Hypothyroidism does not always need to be treated—your doctor will determine that based on your symptoms, blood test results, and other health conditions. Typical treatment is with pure synthetic thyroxine (L-T4, levothyroxine) taken once daily. This medication helps make up for the thyroid gland’s dysfunction and treats symptoms in most people. Your doctor may start you slowly on this medication in order to allow your heart and nervous system to become accustomed to it, and you may need periodic tests to determine your blood levels. “Tell your doctor about other medications you take. They may affect how levothyroxine works,” Pinkstaff says.

As you begin treatment, be aware of signs of stress on the heart such as chest pain, shortness of breath, or confusion, and let your doctor know.

A potentially dangerous treatment

Another treatment for hypothyroidism is a form of thyroid hormone developed from pigs. It can be called nonsynthetic thyroid hormone, desiccated thyroid, or levothyroxine-liothyronine (porcine) thyroid hormone. Common brand names include Armour Thyroid, Nature Throid, and WP Thyroid. According to the American Thyroid Association, nonsynthetic thyroid is rarely prescribed, but it can still be obtained as a dietary supplement. There is no evidence, however, that it is superior to levothyroxine in safety or effectiveness.

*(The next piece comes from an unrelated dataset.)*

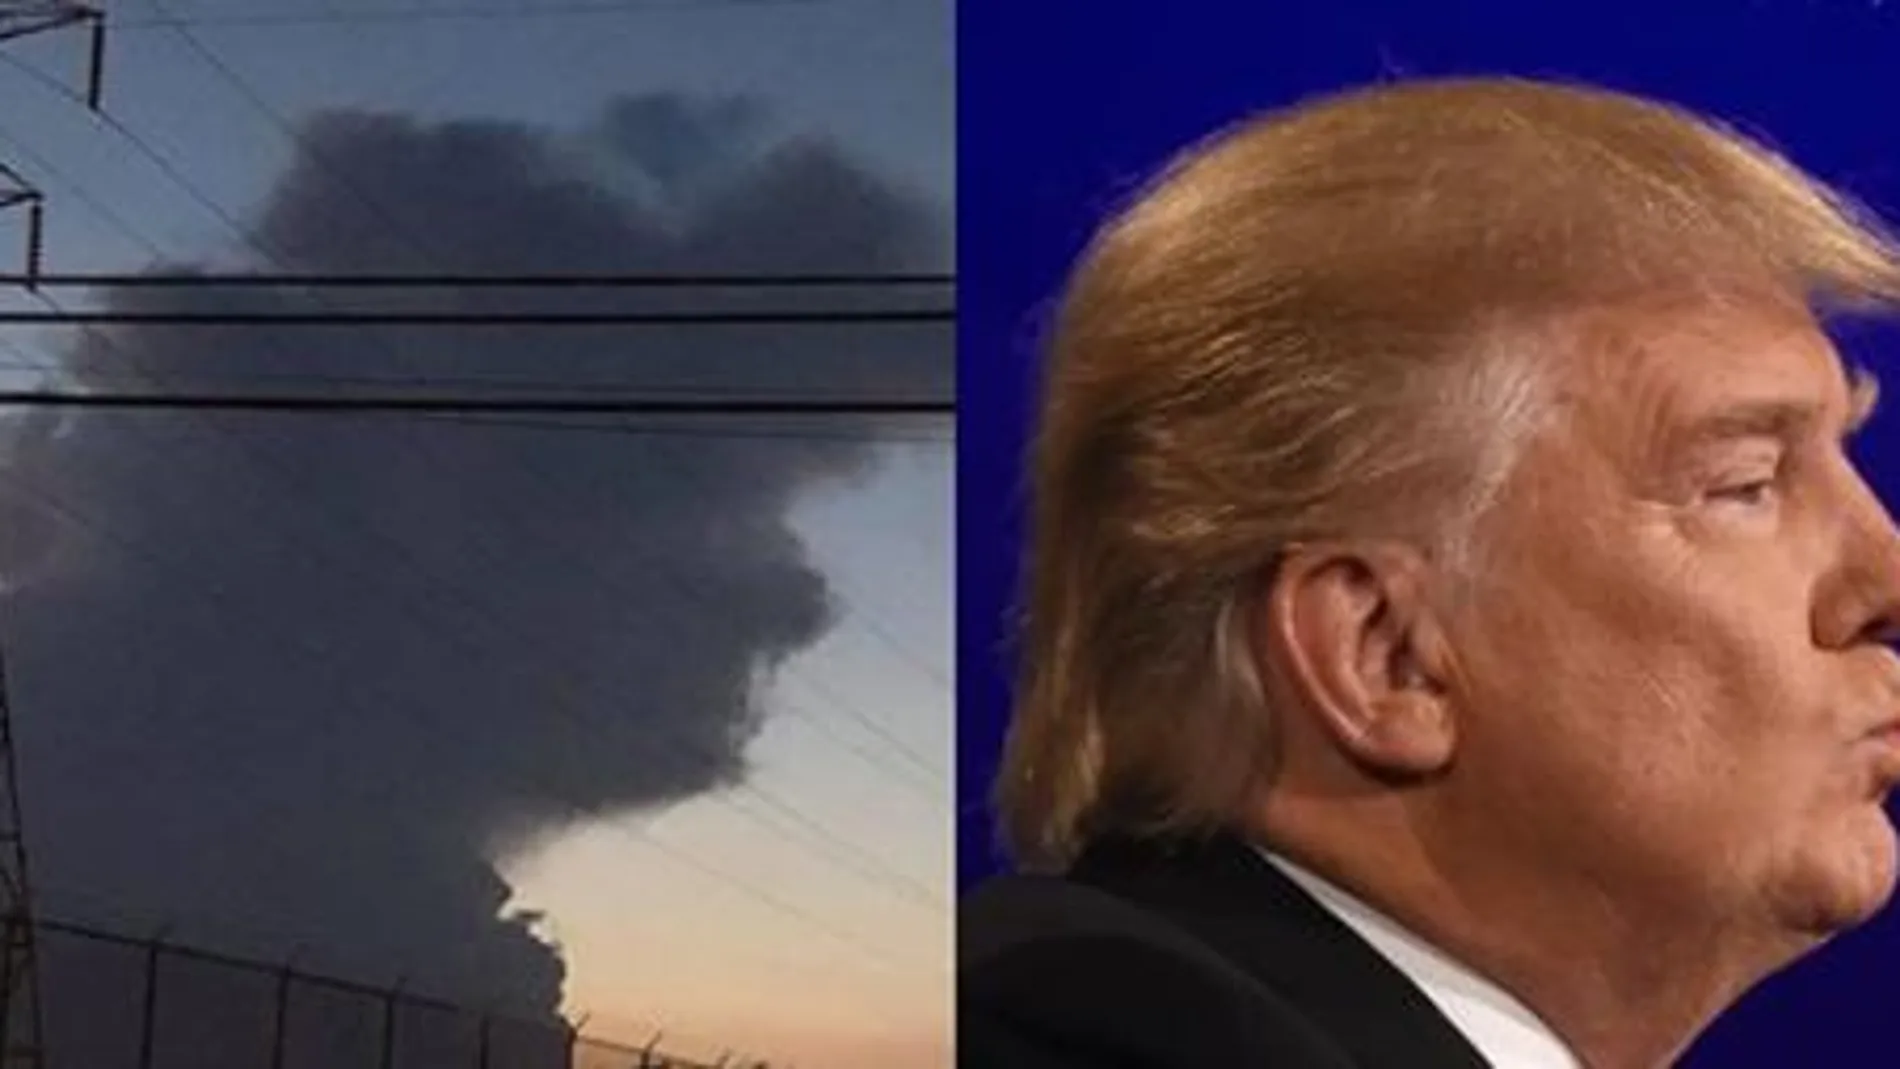 La imagen recuerda la forma del rostro de Trump, si se las mira de izquierda hacia la derecha, partiendo de la torre de alta tensión.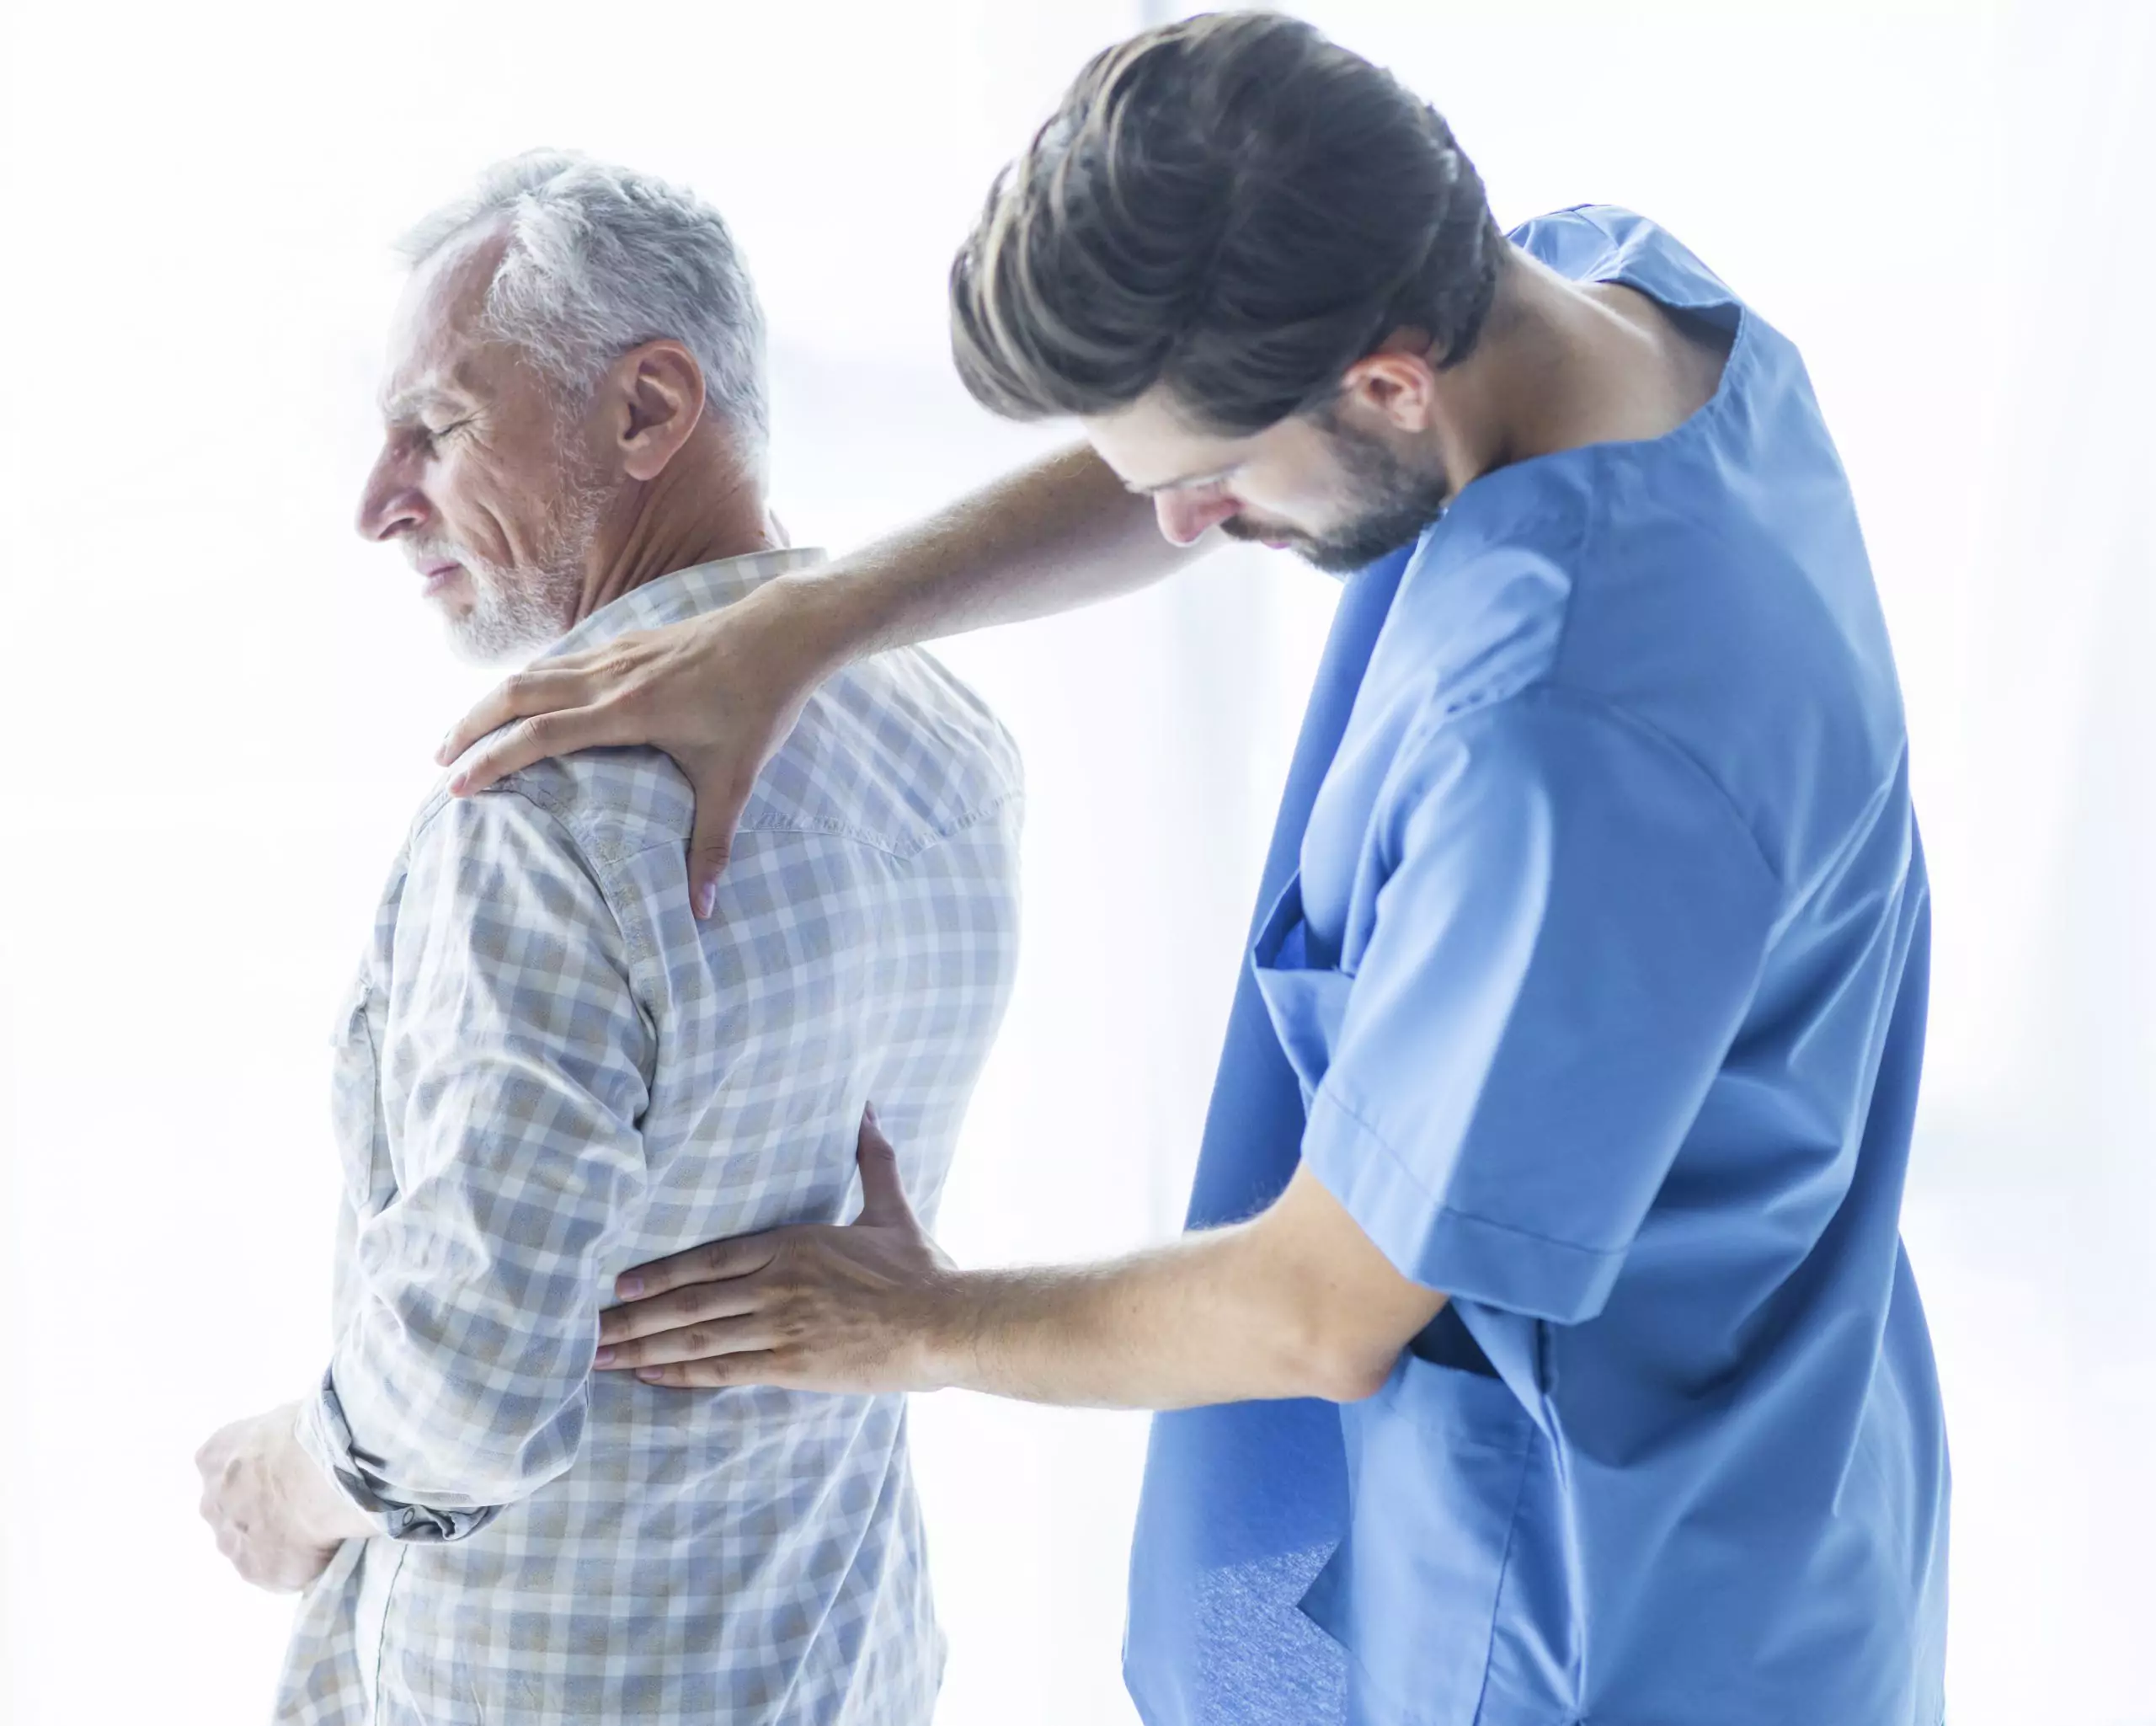 man experiencing back pain symptom of stage 4 kidney disease

“This drug has been determined by the American Geriatrics Society Beers Criteria for Potentially Inappropriate Medication Use in Older Adults as potentially harmful for older patients because of possible adverse effects on the heart,” Marcelis says.   

Living with hypothyroidism

If the disease is properly treated, it usually has little effect on people’s lives. Because of natural everyday body changes, however, you may notice symptoms periodically. Having a healthful diet and exercising can help you feel better. Managing stress has also been shown to be important—a 2011 study showed that women with hypothyroidism who participated in yoga reported noticeable improvements in their quality of life.


Symptoms of hypothyroidism

Fatigue

Weight gain

Muscle or joint aches, weakness, cramps, or stiffness

Sensitivity to cold

Constipation

Pale, dry skin

Facial puffiness

Hoarseness

Depression

Fast fact

Thyroid hormones are carried to every tissue in the body.